200 means the request is successful. Let's analyze it here:

After the response, add. text:

response = requests.post('https://www.ssyer.com/apis/20001', headers=headers, cookies=cookies, data=data).text

It can be seen that what we want is in it, as long as we extract it:

response = requests.post('https://www.ssyer.com/apis/20001', headers=headers, cookies=cookies, data=data)
json_datas = response.json()
json_data = json_datas['data']

Here we save the downloaded video in a folder called "20200213video":

video_path = '20200213video'
if not os.path.exists(video_path):
    os.mkdir(video_path)

Next, use a loop to extract and download:

for item in range(len(json_data)):
    print(json_data[item]['video'])
    print("Downloading section%s One video"%(item+1))
    file_path = video_path+'/'+ '%s'%(item+1) +'.mp4'
    urlretrieve(json_data[item]['video'],file_path,cbk)

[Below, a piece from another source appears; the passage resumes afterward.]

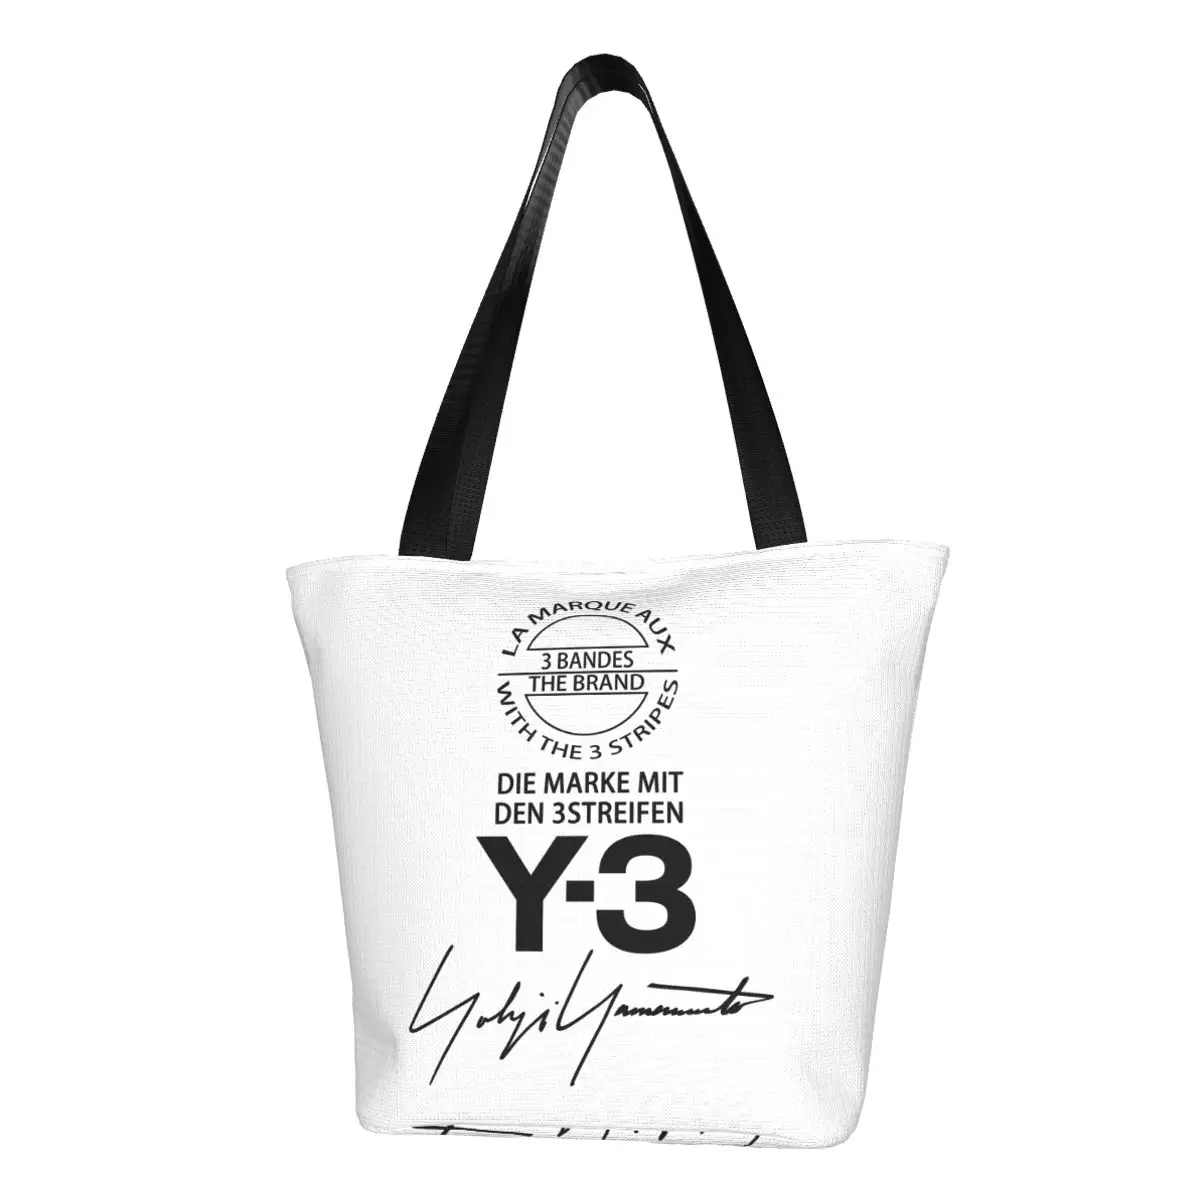 Изготовленная на заказ холщовая сумка для покупок Y3 Yohji Yamamoto для женщин, перерабатывающая сумки для покупок в продуктовых магазинах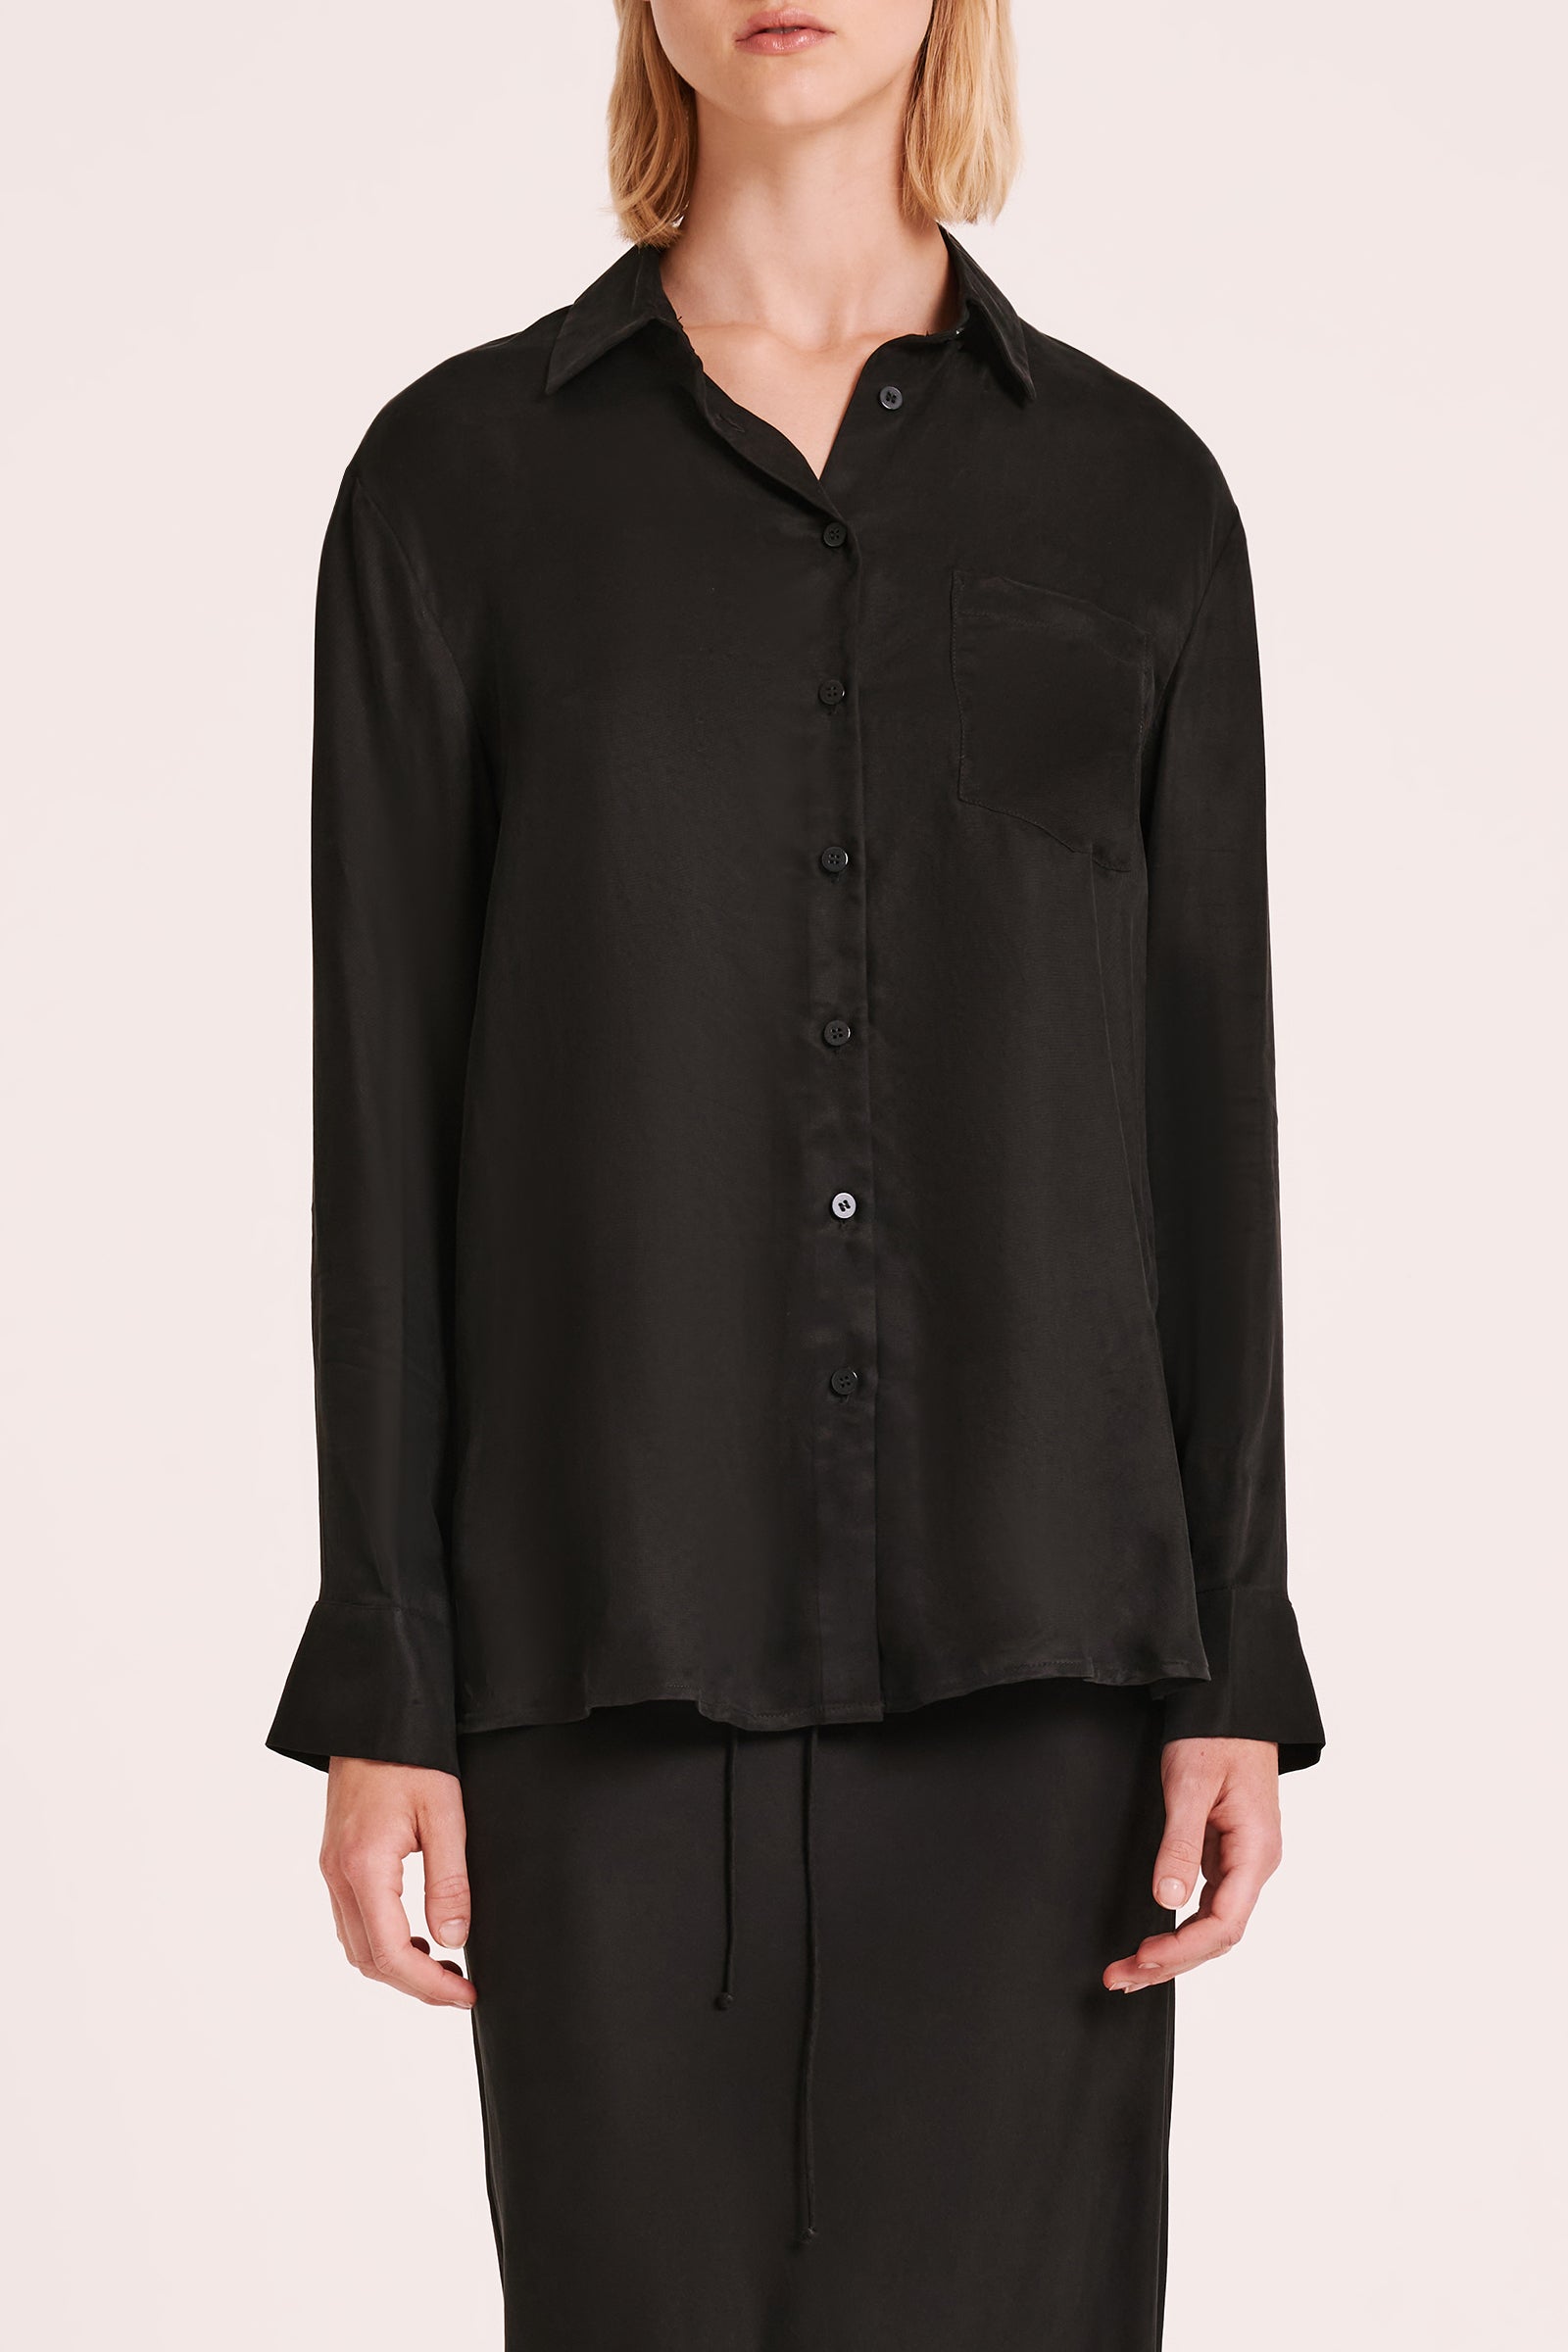 Ari L/s Cupro Shirt Black

Briefly speaking, urlretrieve() in the last sentence is the function responsible for downloading files. The download address is on the left side of the bracket, and the saved address is in the middle. The third is to check the download progress:

def cbk(a,b,c):
    '''Callback function
    a:Downloaded data block
    b:Block size
    c:Size of the remote file
    '''
    per=100.0*a*b/c
    if per>100:
        per=100
    print('%.2f%%' % per)

But downloading a video only takes a few seconds, which seems to be more than enough, so this step can also be avoided:

We can play the following video:

Make sure you have eyes. It's a video that can be played. Today's content is over here. If you have any questions, please leave a message in the comment area!